Finding a supplier may be tough but I believe Bill Hirsch may still sell it... do a google search for automotive laquer paint and you should fin one.
#3
no real trick to shooting technique it is a premier back yard medium in that you shoot multiple coats with color sanding in between coats to achieve the finish desired . however epa has a problem with it and therefor licensed shops do not want the risk.

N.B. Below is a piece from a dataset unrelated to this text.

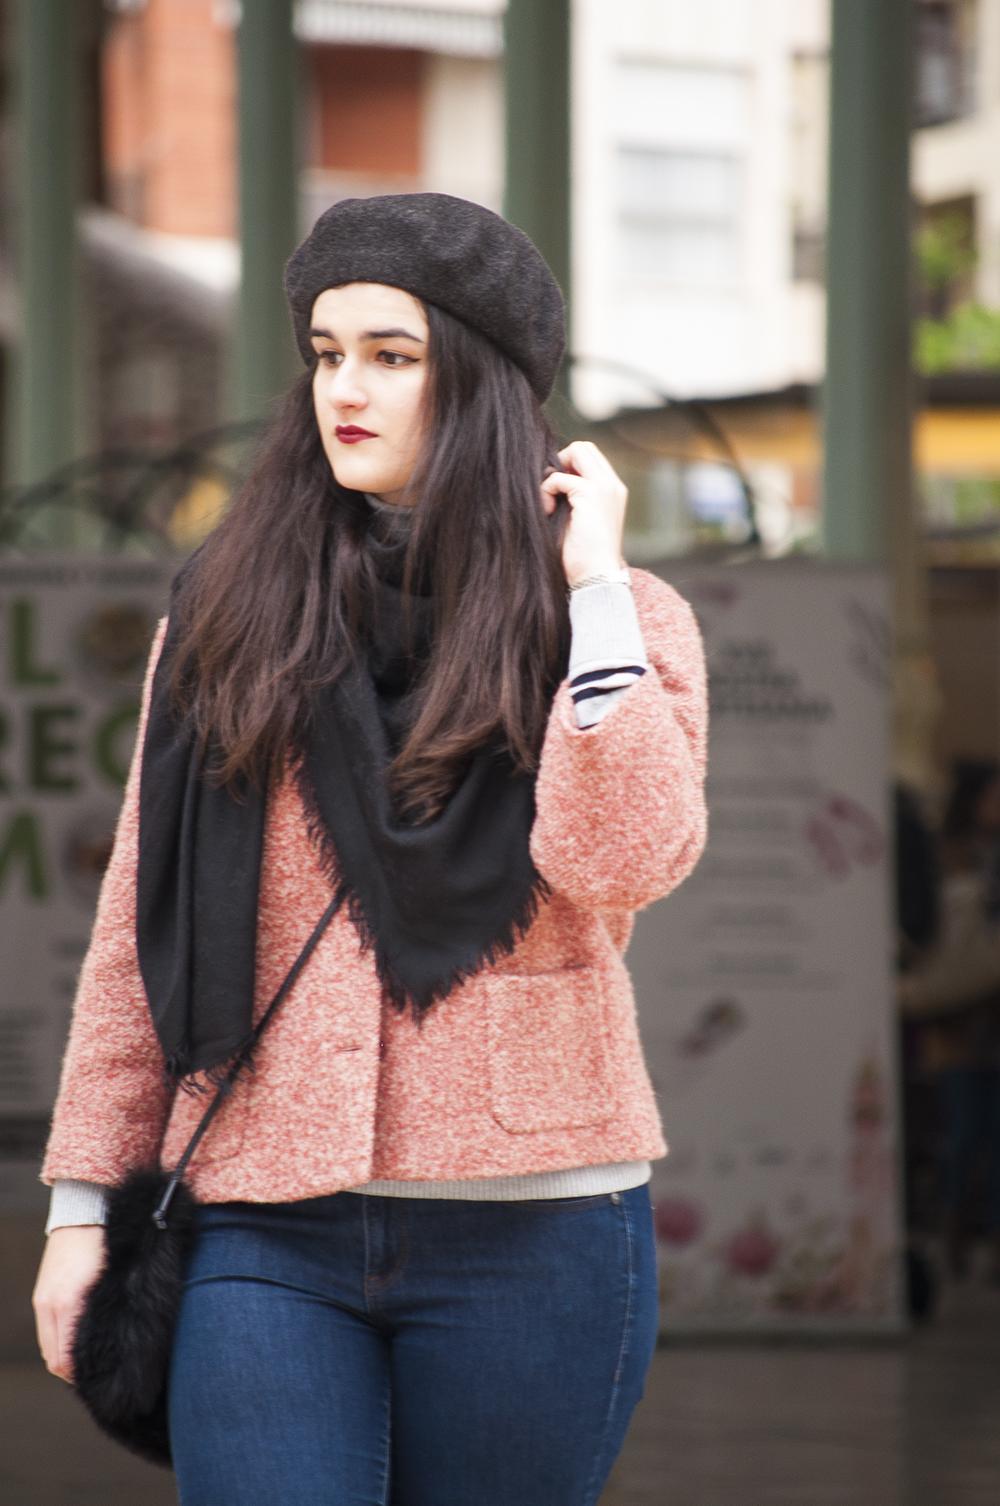 valencia fashion blogger spain somethingfashion outfit winter dailyDSC_0567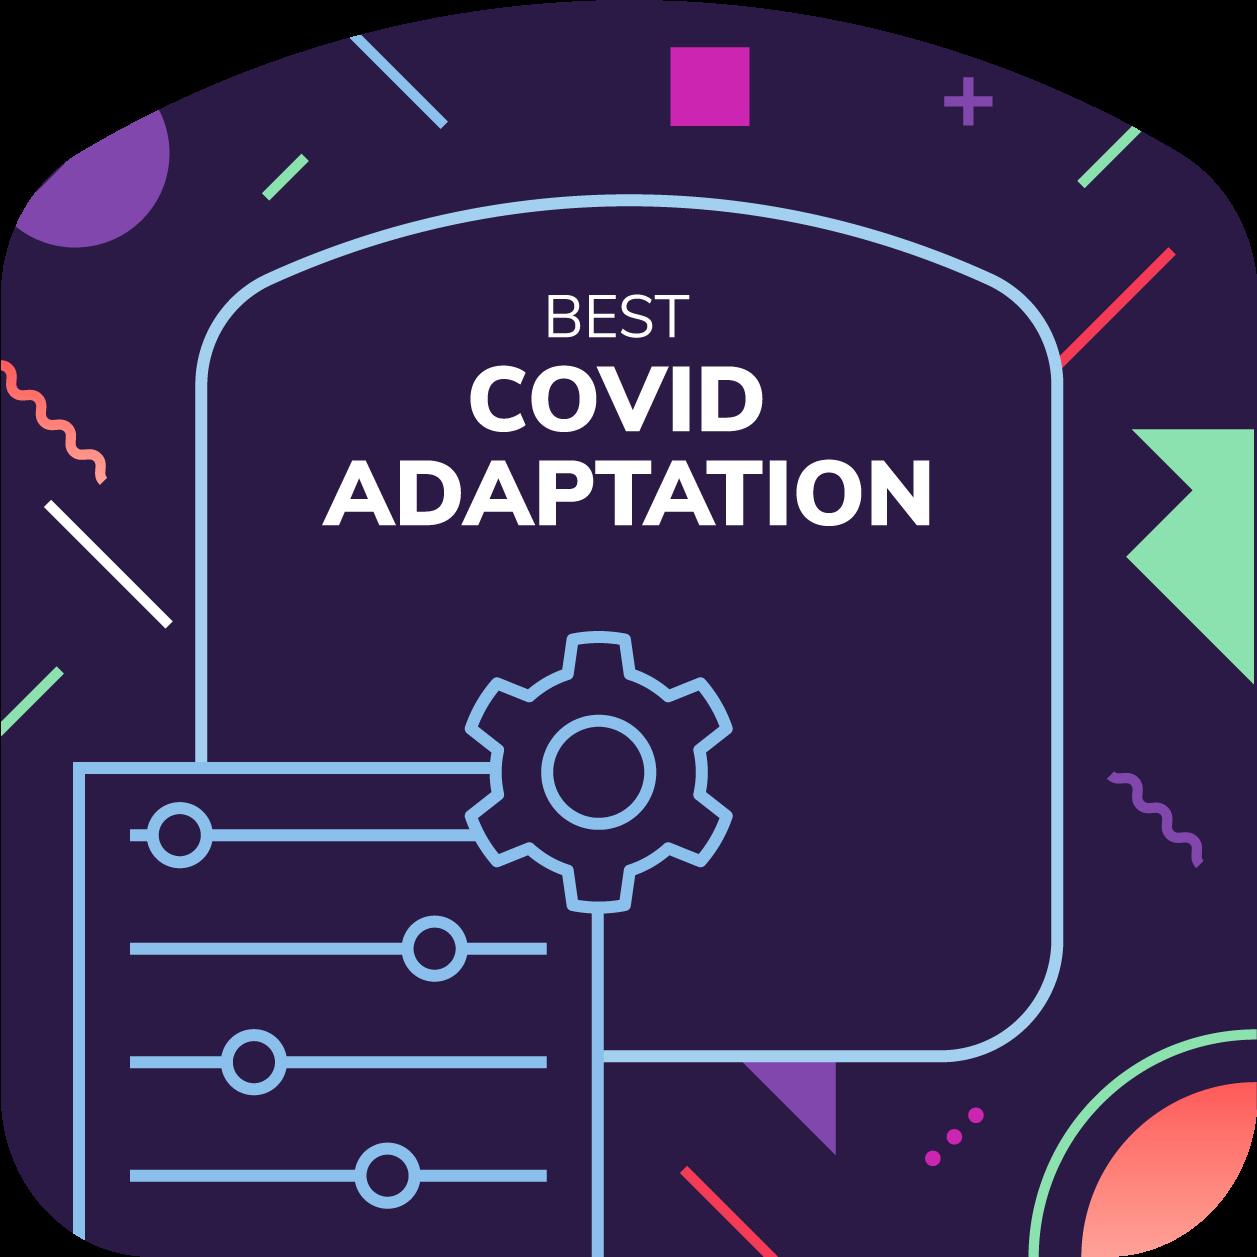 Best Covid Adaptation

If you obtain some and the right thinner it is easy for a novice to use, very forgiving in that you can sand and buff to achieve a very respectable finish without the extra step of clear coat
just wanted to update the fact that i did find lacquer at an auto paint dist. which i will be using to paint the interior trim on the wagon for the flat oem type finish . guess its just not being carried by my normal ppg shop
If you obtain some and the right thinner it is easy for a novice to use, very forgiving in that you can sand and buff to achieve a very respectable finish without the extra step of clear coat
just wanted to update the fact that i did find lacquer at an auto paint dist. which i will be using to paint the interior trim on the wagon for the flat oem type finish . guess its just not being carried by my normal ppg shop
Last edited by oldsbucket; March 8th, 2013 at 11:58 AM.
#5
clean area fuly first for shooting with proper ventilation also and no dust if you can swing it and water down the floor also and do not splash it onto your surface. 2. use medium wet coats 4 to 5 usually but definitely 2 past complete coverage of your surface and 600 wet before shooting the first coat for good prep. cleaning tacking is the usual bs beforehand and do not do it on a high humidity day to avoid blushing or discoloring of your paint and usually you need to color sand with 1200 to 1500 afterwards and buff this paint is the easiest for using purposes. I used urethanes for better hold out but i did it in a booth also. by the way 7-10 minutes between coats for flash time also on lacquer and use medium thinner and not the cheap stuff either. 65 to 80 degree temps if cooler go dryer coats and more flash time and i mean maybe 60 degrees at the lowest.
#6
#8
I had a '68 International with original paint. About two years ago I had three dents pulled and the areas repainted. The shop said they used the same paint that they always use on any two stage respray however they didn't use the clear top coat. When the base only was applied it at first didn't have the right sheen however after some wet sanding and some polishing it matched perfectly. Absolutely perfect in color, shine and texture. Only under certain light and angles could you faintly see the blending of the two paints. Now granted, the color was beige and was very forgiving but still, I was very pleased with the results.
Chris
Chris
#9
My biggest concern would be, what is the age of the paint on the car? Is it original ? Is it slightly faded? Panel painting an old red and expecting it to match can be a challenge. You could take the lacquer, paint the fender, blend into the door, and use lacquer clear over the two panels. That can be wet sanded flat and buffed to look very flat. The reason for the clear would be to protect the blend edge on the door from UV breakdown. Mils are so thin on the blend edge, that in a short amount of time, you will be able to see it fading or "walking" back...u won't be too happy then.